Upon the closing of the Merger, it is anticipated that Richard M. Rose, M.D.,
President and Chief Executive Officer of SCI, will be named President and Chief
Executive Officer of CytoTherapeutics; Seth A. Rudnick, M.D., CTI's current
Chairman and Chief Executive Officer, will continue to serve as Chairman of its
Board of Directors.
Upon the consummation of the Merger, it is anticipated that CTI will enter into
consulting arrangements with the principal scientific founders of SCI including,
without limitation, Irving Weissman, M.D., of Stanford University and Fred Gage,
Ph.D., of Salk Institute. Under the terms of the proposed consulting
arrangements, Dr. Weissman will also serve as a member of CTI's Board of
Directors and as Chairman of CTI's Scientific Advisory Board and Dr. Gage will
join CTI's Scientific Advisory Board.
To attract and retain Drs.

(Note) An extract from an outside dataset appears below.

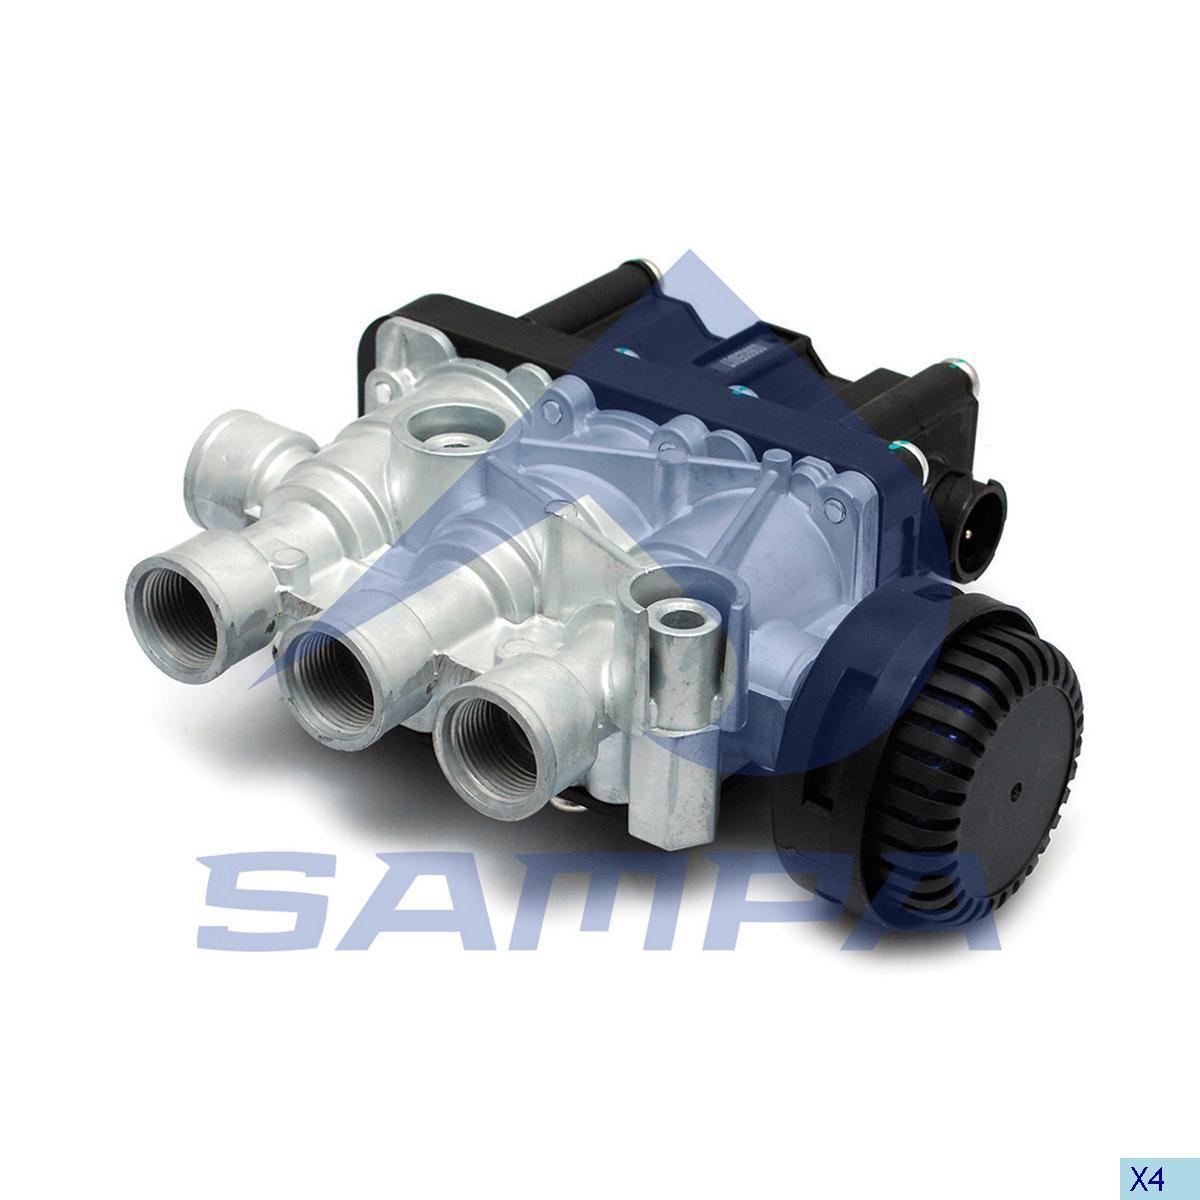 Solenoid Valve, Volvo, Compressed Air System

Rose, Weissman, Gage and other employees and
consultants necessary to move CTI's expanded stem cell program forward, CTI
expects to award performance-based options to acquire a total of approximately
two million shares of CTI common stock, at an exercise price equal to the price
of CTI common stock at the time of grant; substantially all of these options
will vest and become exercisable only on the achievement of specified milestones
related to the stem cell program, such as corporate partnering events, the
initiation of clinical trials and regulatory filings and approvals.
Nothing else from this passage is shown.